He looked at my hand over the list of names, then he looked back at me and I saw his jaw work. He said, "I saw some of your names there. I know some of those folks. This lady, the one you're working for, she gonna die?"
"Yes."
He wet his lips, then pulled over a chair and sat down beside me. "I think I can save you some time."
Of the eighteen names on my list, Mr. Albert Parks knew four, and we found another three listed in the phone book. The rest had either died or moved away.
I copied addresses and phone numbers for the seven still in the area, and Mr. Parks gave me directions on how to find those people who lived in the outlying areas. He offered to phone the four that he knew to tell them that I'd be stopping around, and I said that that would be fine, but that he should ask them to respect my client's privacy.

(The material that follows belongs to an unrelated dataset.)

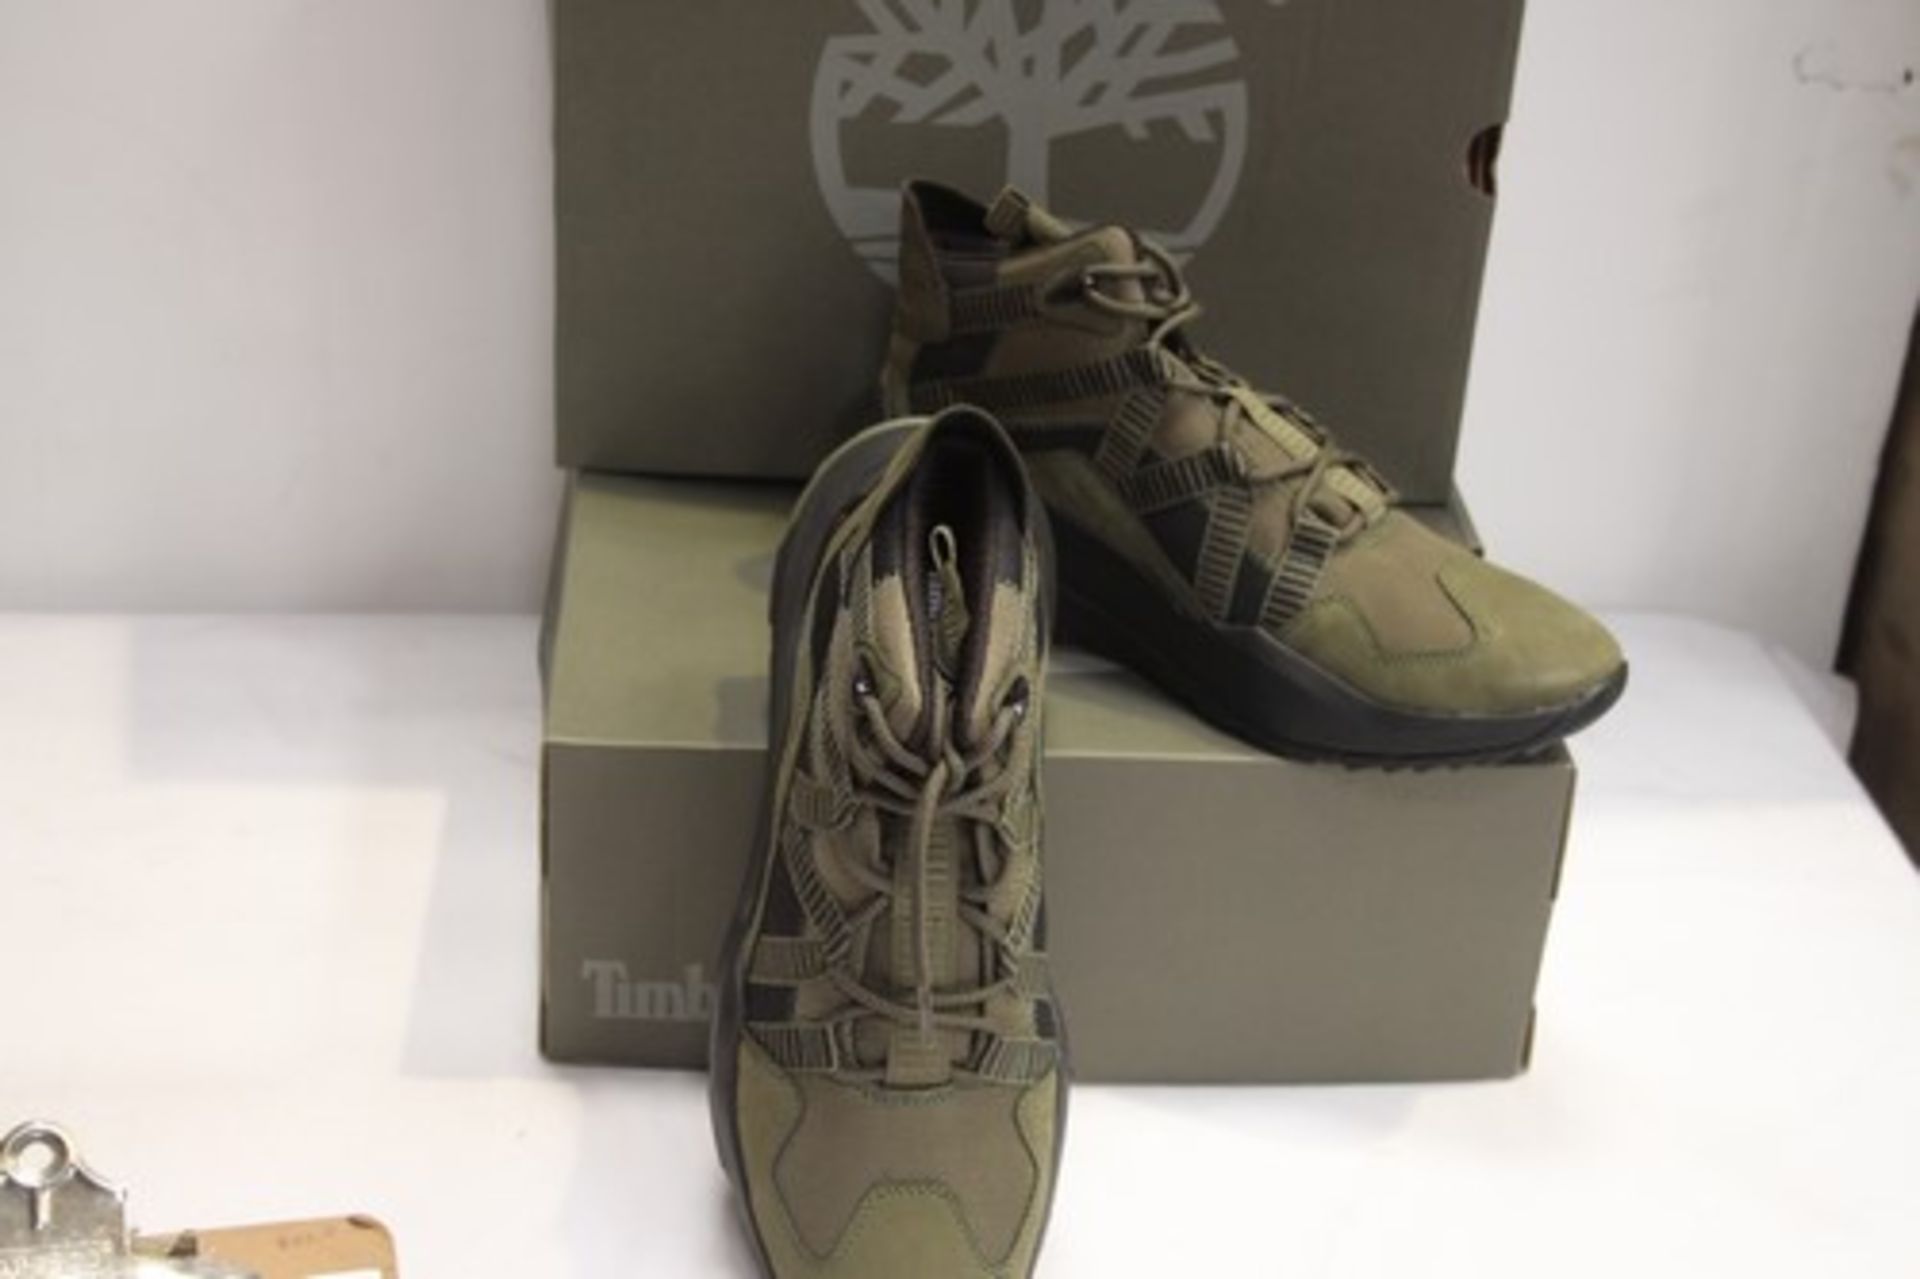 2 x pairs of Timberland dark green men's Madbury mid hiker boots, size UK 10.5 - New in tatty box (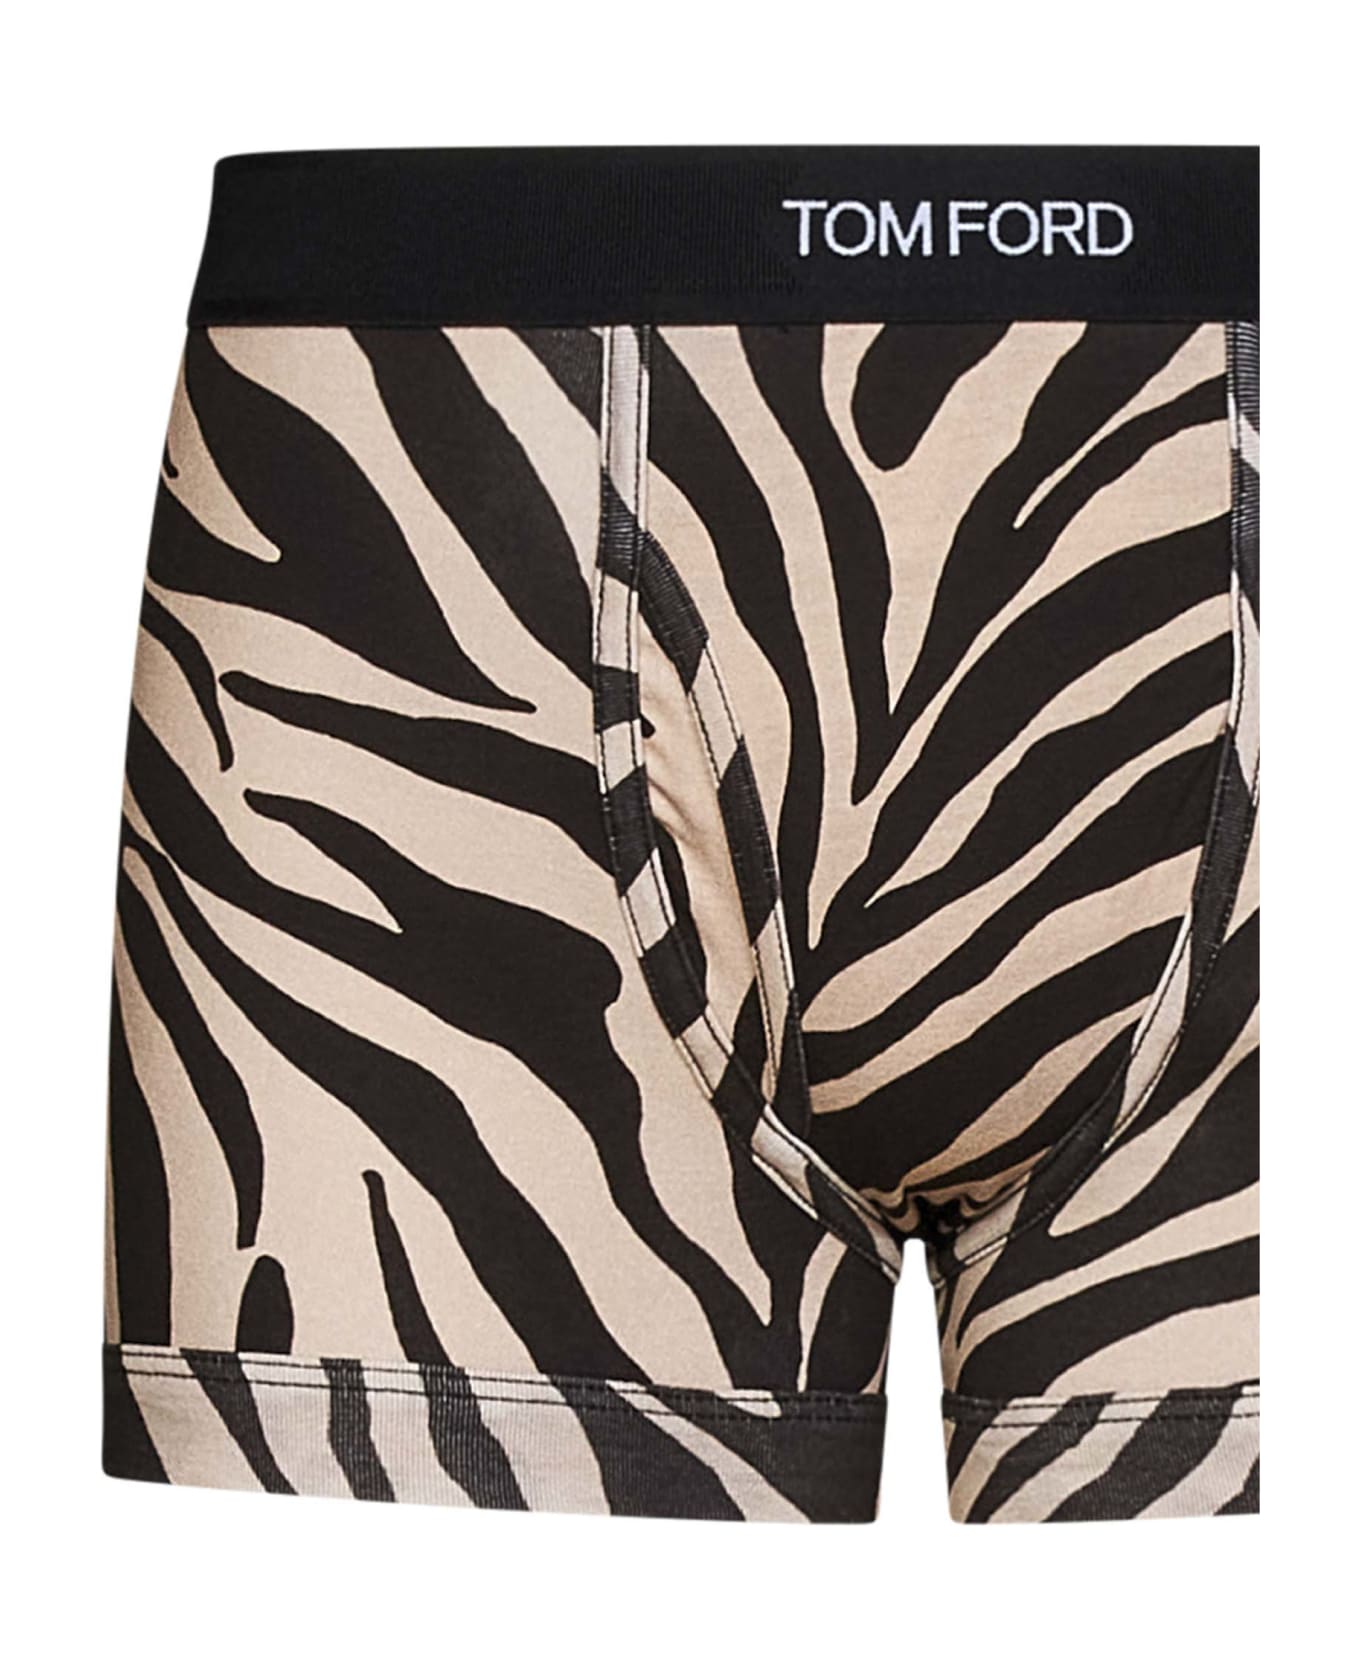 Tom Ford Zebra Printed Boxers - Beige

He said that he was certain that they would. He said that he hoped that I could find a donor for my client, and asked me to give her his very best wishes for a complete recovery. His wishes were heartfelt.
Mr. Albert Parks worked with me for the better part of an hour, and then I walked out of the cool quiet of his library into the damp midday Louisiana heat feeling about three inches tall. Lying sucks.
CHAPTER 4
O f the seven names on the list, four lived in town and three lived in the outlying area. I decided to speak with the townies first, then work my way out. Mr. Parks had recommended that I start with Mrs. Claire Fontenot who, as the widowed owner of a little five and dime just across the square, was the closest. He said that she was one of God's Finest Women. I took that to mean that she was kind and caring and probably easy to manipulate. Son of like Mr. Albert Parks. As I walked over I thought that maybe I should just cut out this manipulation business and proclaim for all the world who I worked for and what I was after. If I did, I would probably feel much better about myself. Of course, Jodi Taylor probably wouldn't, but there you go. Her privacy would be violated and her confidence breached, but what's that when compared to feeling good about oneself? Elvis Cole, detective for the nineties, comforts his inner child.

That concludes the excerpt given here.